:: What you should do ::
Repeat all of the records exactly, leaving out the pictures.

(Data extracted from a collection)
**********
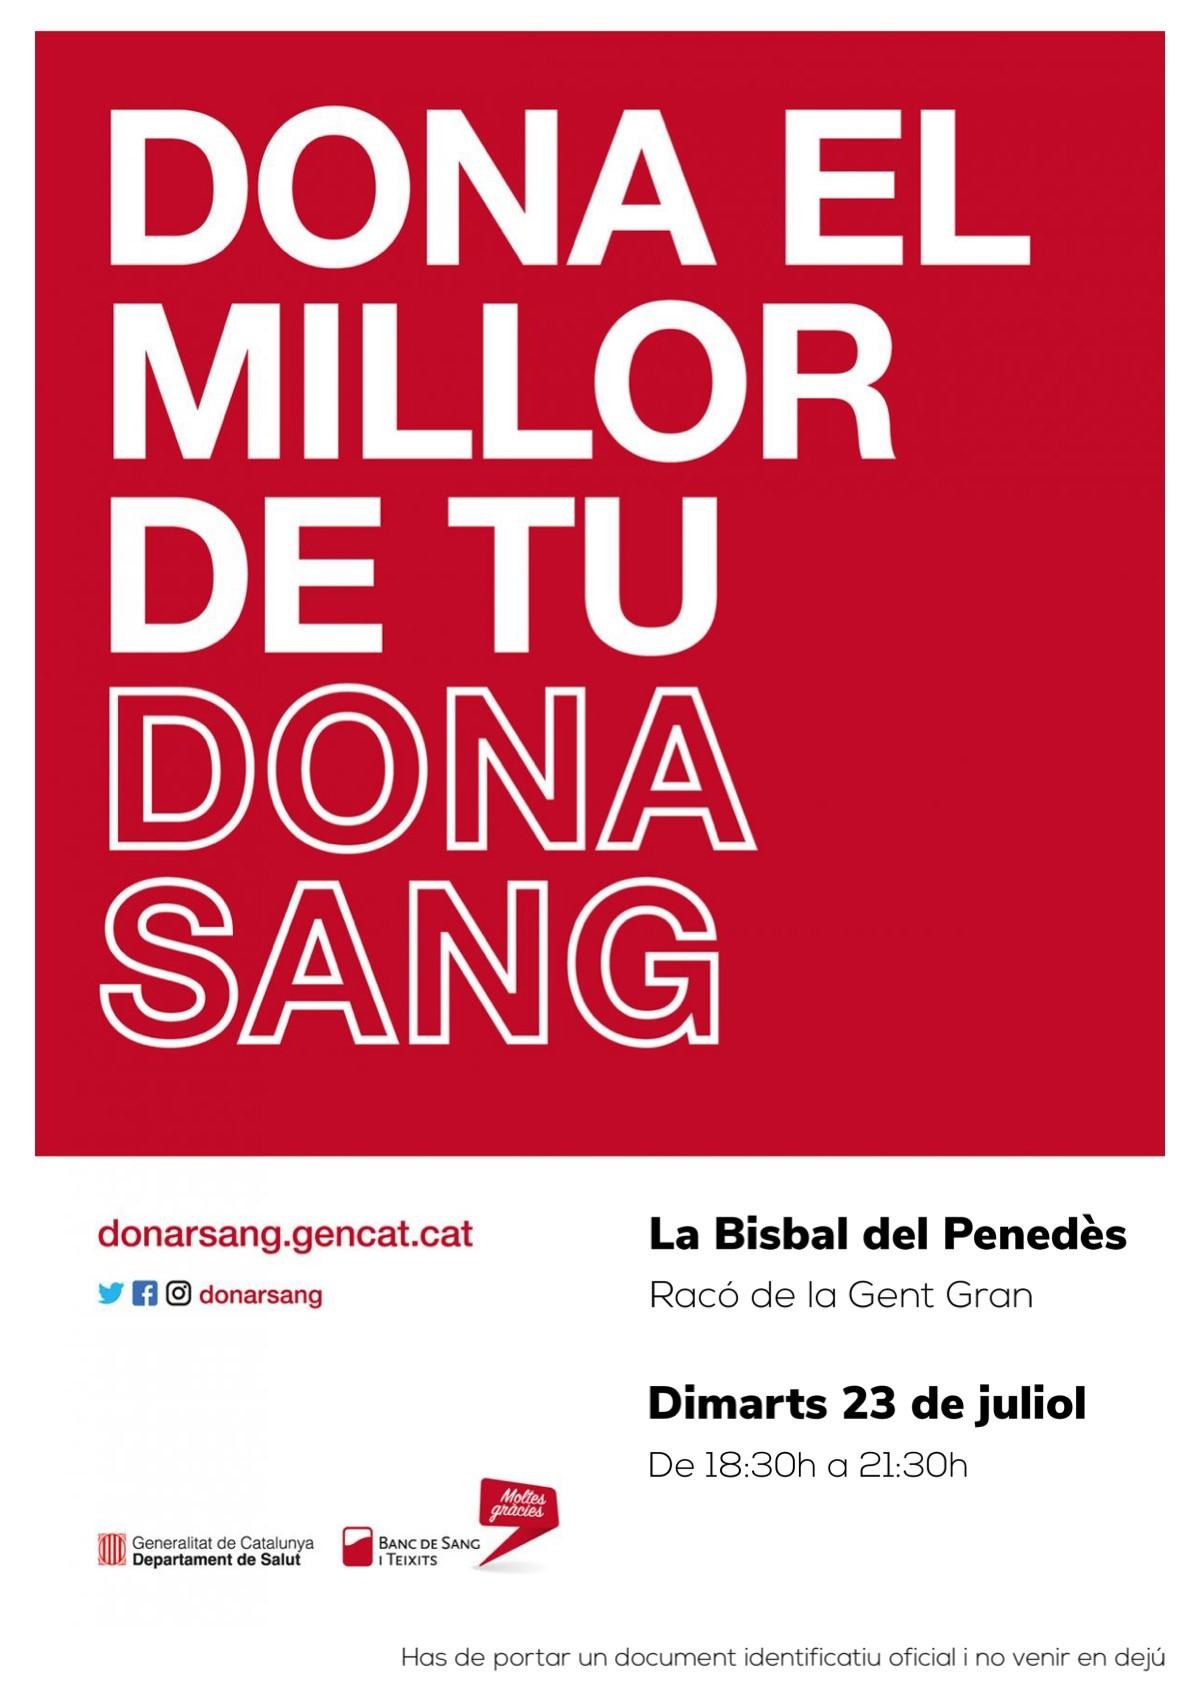 El dimarts 23 de juliol vine a donar sang al Racó de la Gent Gran
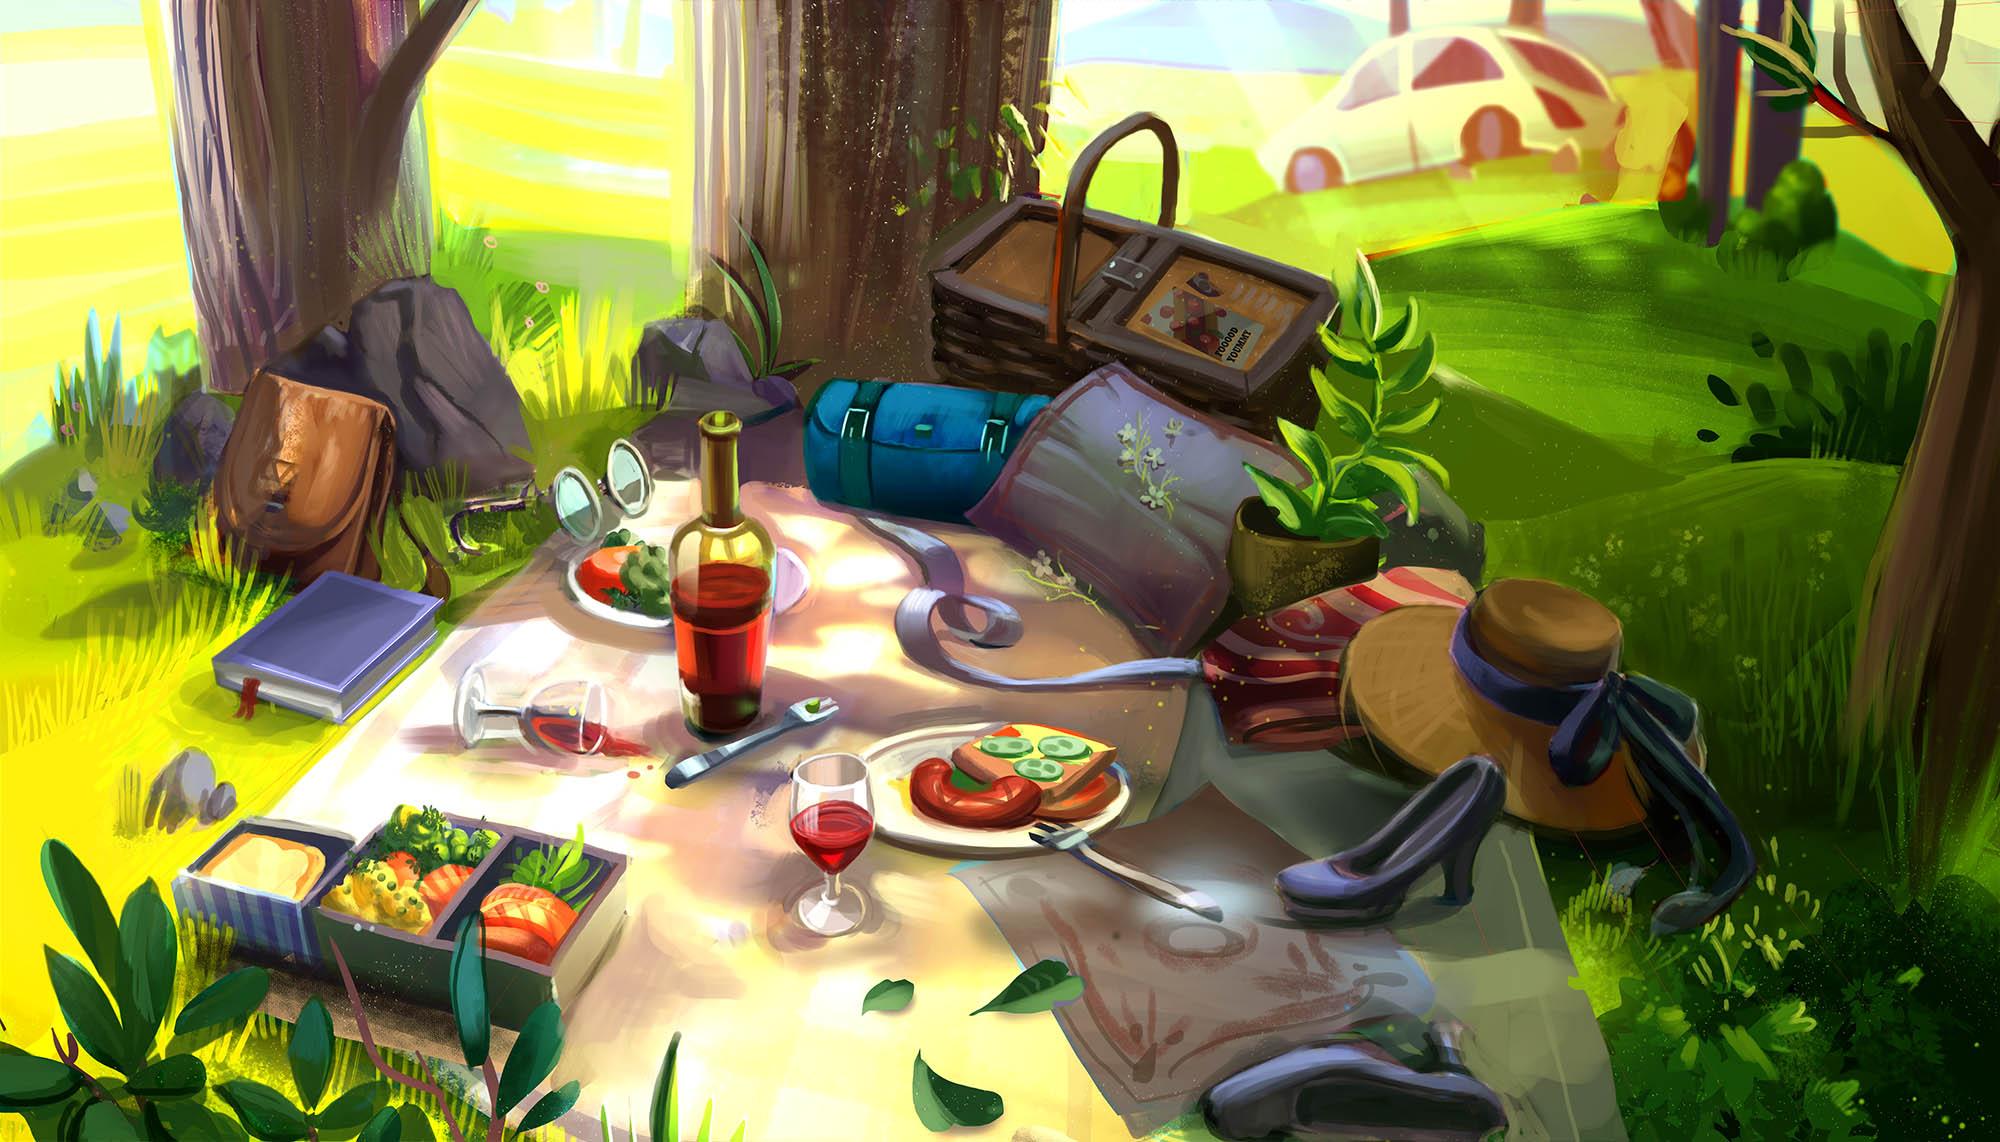 LeraNyukalova-Piknik.jpg
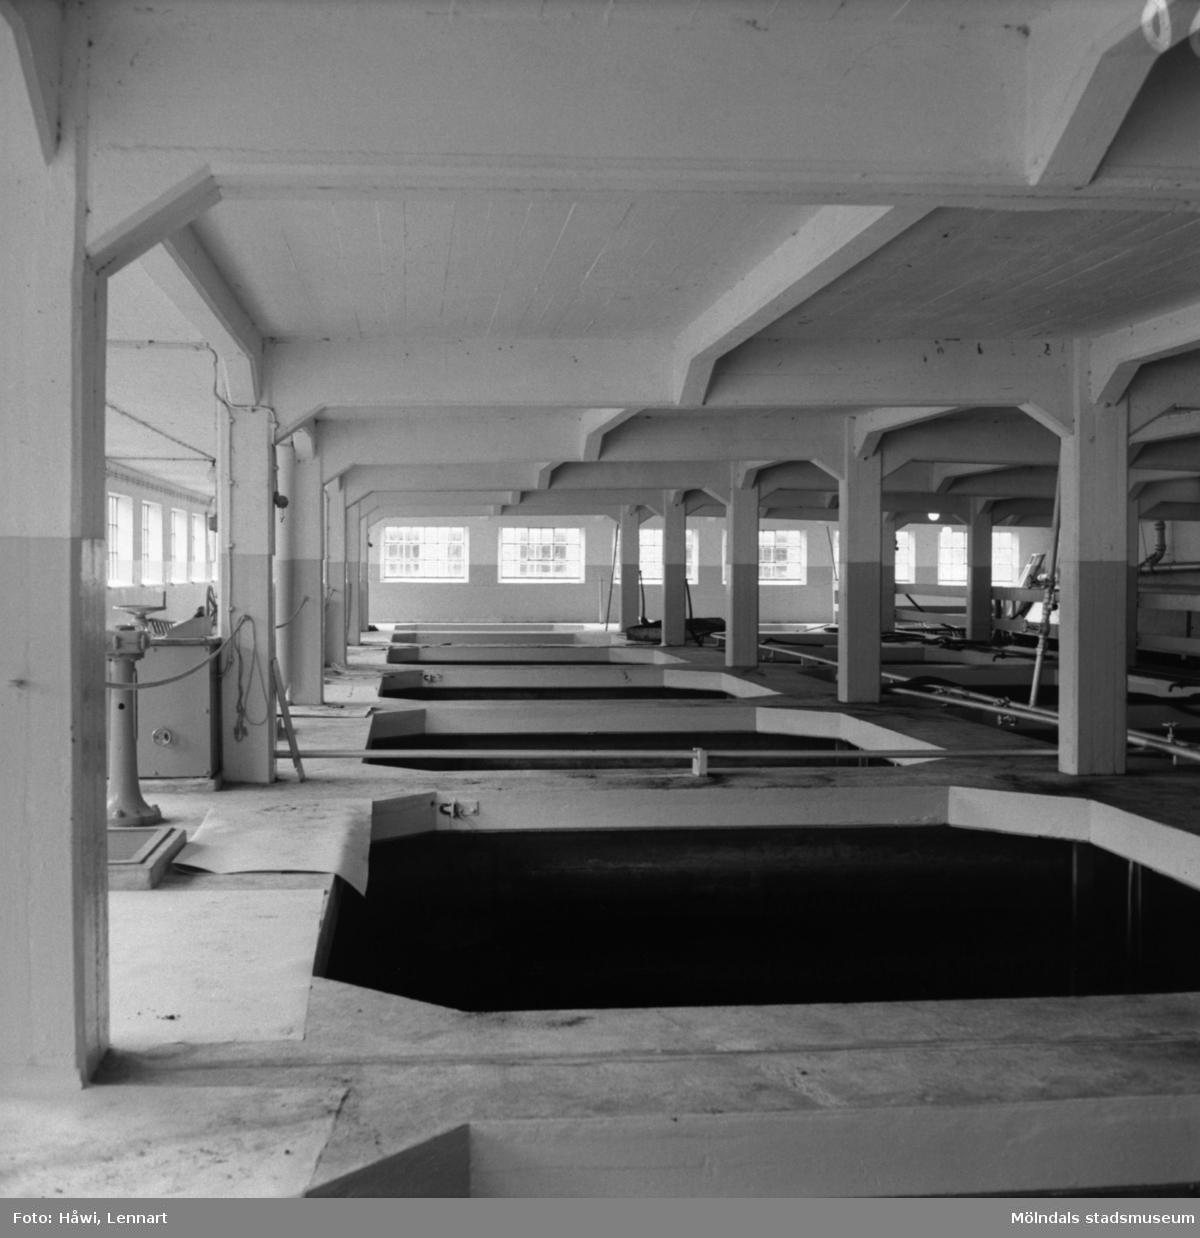 Interiörfotografi från vattenreningen på Papyrus i Mölndal, 6/5 1955.
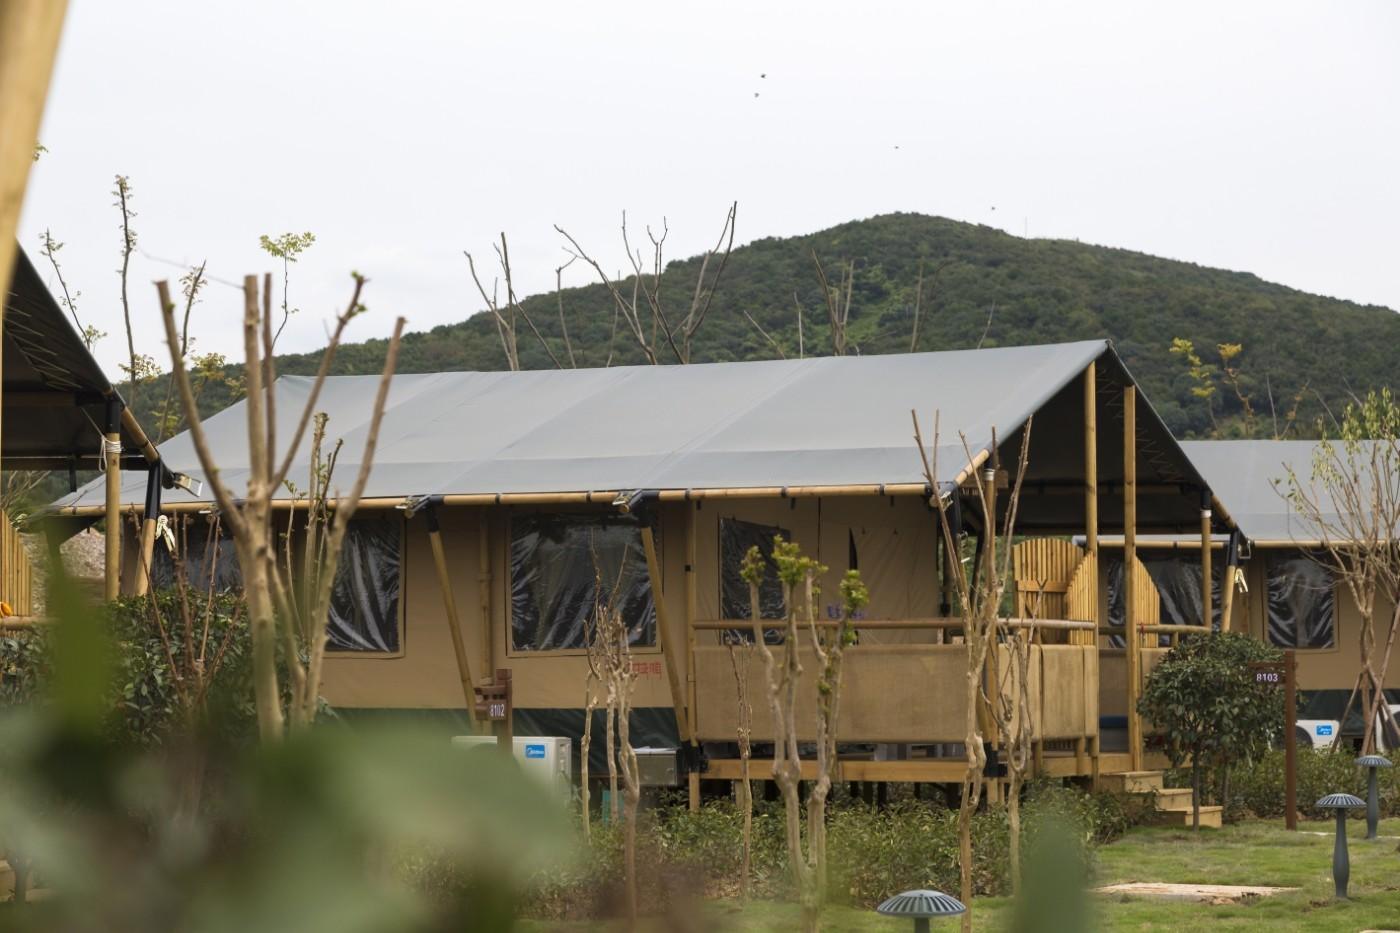 喜马拉雅野奢帐篷酒店—太湖湾露营谷4
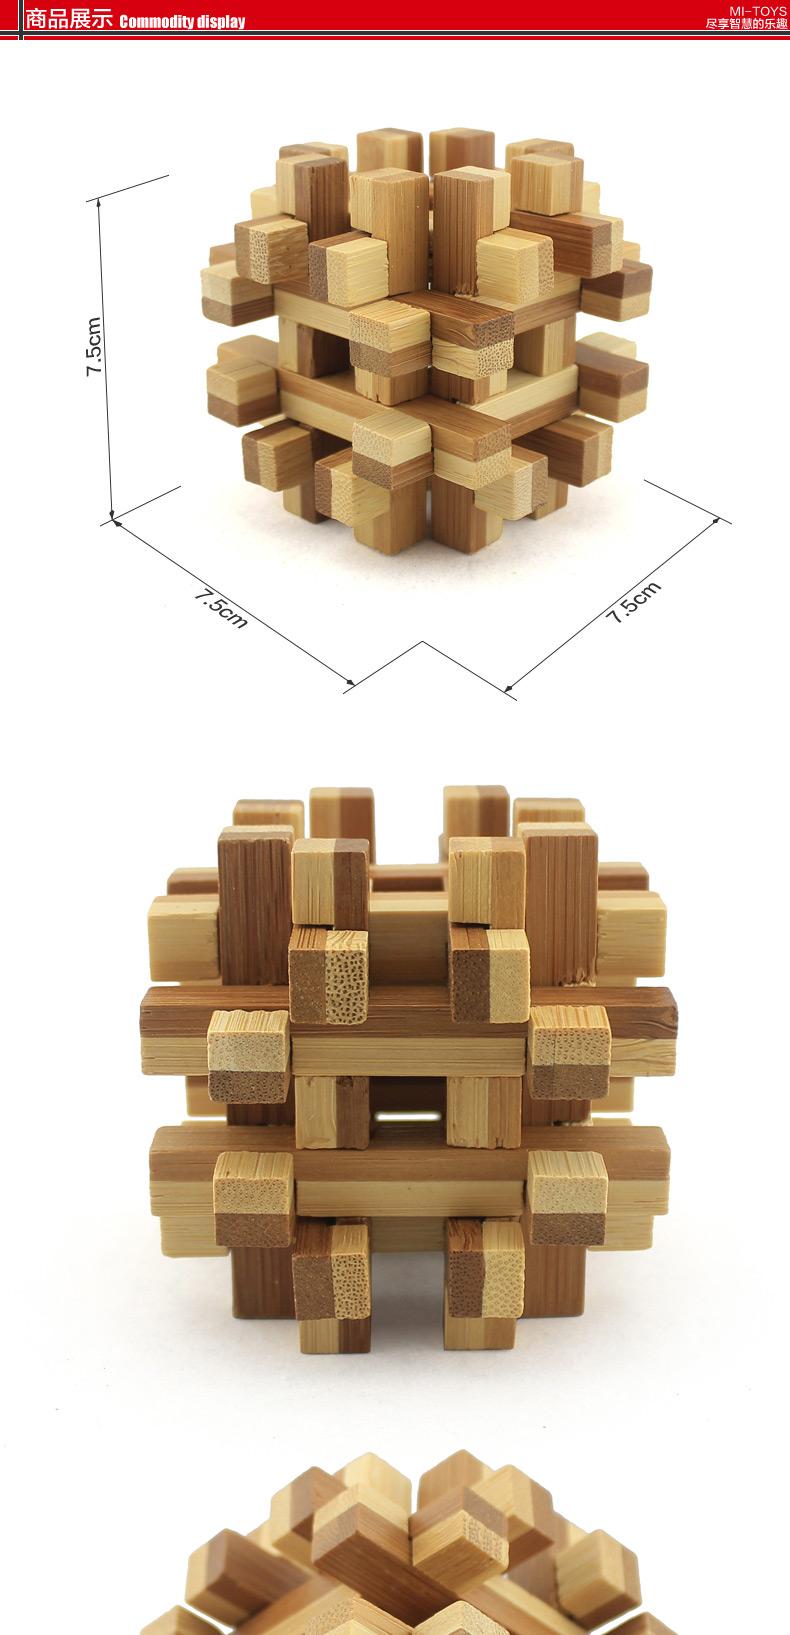 米米智玩 儿童木制孔明锁鲁班锁套装成人智力拆装玩具
**********
:: Exercise solution ::
 El dimarts 23 de juliol vine a donar sang al Racó de la Gent Gran
 LeraNyukalova-Piknik.jpg
 Interiörfotografi från vattenreningen på Papyrus i Mölndal, 6/5 1955.
 喜马拉雅野奢帐篷酒店—太湖湾露营谷4
 米米智玩 儿童木制孔明锁鲁班锁套装成人智力拆装玩具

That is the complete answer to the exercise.